Congestive heart failure (CHF) is often accompanied by high mortality rates. Therefore, accurate risk stratification is critically important in identifying high-risk patients who may benefit from advanced treatment (1–4). A number of clinical variables and biological markers have been applied over the last decade in predictive models of survival for patients with CHF (5,6), including inflammatory cytokines (7,8) high-sensitivity C-reactive protein (CRP) (9) natriuretic peptides (10,11) neurohormones (12) and oxidative stress (13), all of which are useful for diagnosis and prognosis. However, these biomarkers are very expensive to analyze and cost effectiveness must be considered when including markers in predictive models.

Anemia is a common feature of patients with CHF and it has important implications for the prognosis and treatment of CHF (14–17). A cause-and-effect relationship between anemia and CHF has not been demonstrated. Red blood cell distribution width (RDW) is a measure of the size variability in the red blood cell population and it is calculated as the standard deviation (SD) of the distribution of RDW divided by the mean corpuscular volume. Several studies have confirmed that RDW predicts mortality in acute coronary syndrome (18,19) and heart failure (20–22). However, the predictive value of RDW for in-hospital, and long-term outcomes for acute CHF and acute CHF predictive value relative to hemoglobin (Hgb) and anemia remain unknown (23).

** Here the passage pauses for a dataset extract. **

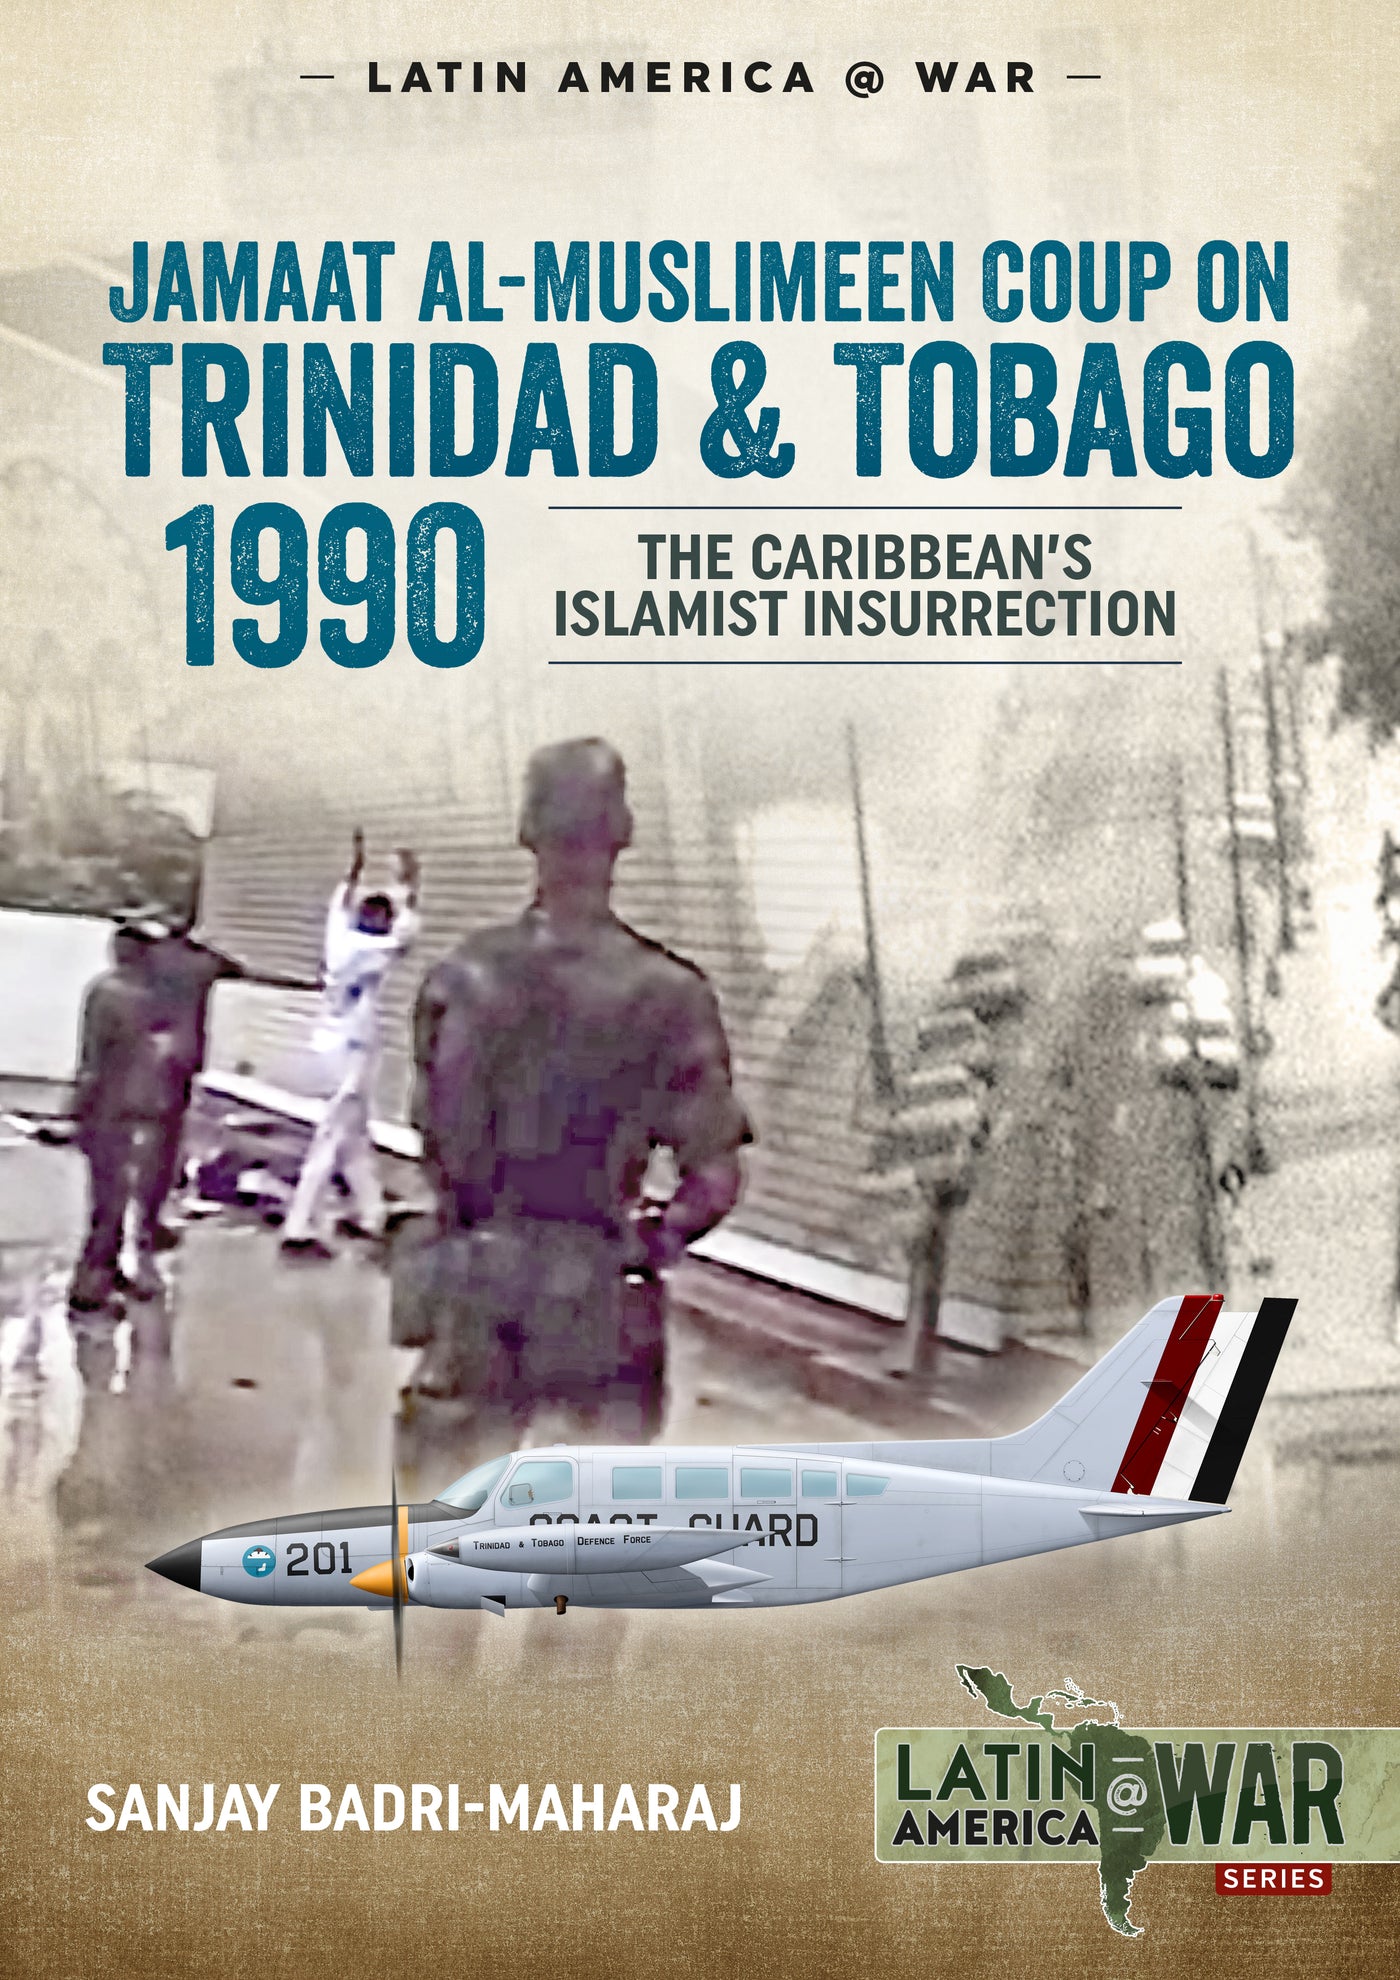 Trinidad 1990

The present study therefore investigated whether RDW is useful for risk stratification in patients hospitalized with acute exacerbation of CHF and analyzed the prognostic value of RDW compared with that of Hgb levels and anemia status.

Materials and methods

Patients

Patients with acute onset of CHF were consecutively enrolled in an observational study between January 2007 and December 2009. All patients were hospitalized at the cardiac care unit (CCU) of Juntendo University Hospital (Tokyo, Japan). Demographic and clinical information, as well as age, gender, New York Heart Association (NYHA) functional class, history of cigarette smoking, ischemic heart disease, hypertension, hyperlipidemia, atrial fibrillation, diabetes mellitus, chronic renal failure, hemodialysis and medications taken upon admission were obtained from medical records. Body mass index was calculated from height and weight data. Cardiac structure and function was assessed by echocardiography using a hematology analyzer (HF-3000, Chengdu, China).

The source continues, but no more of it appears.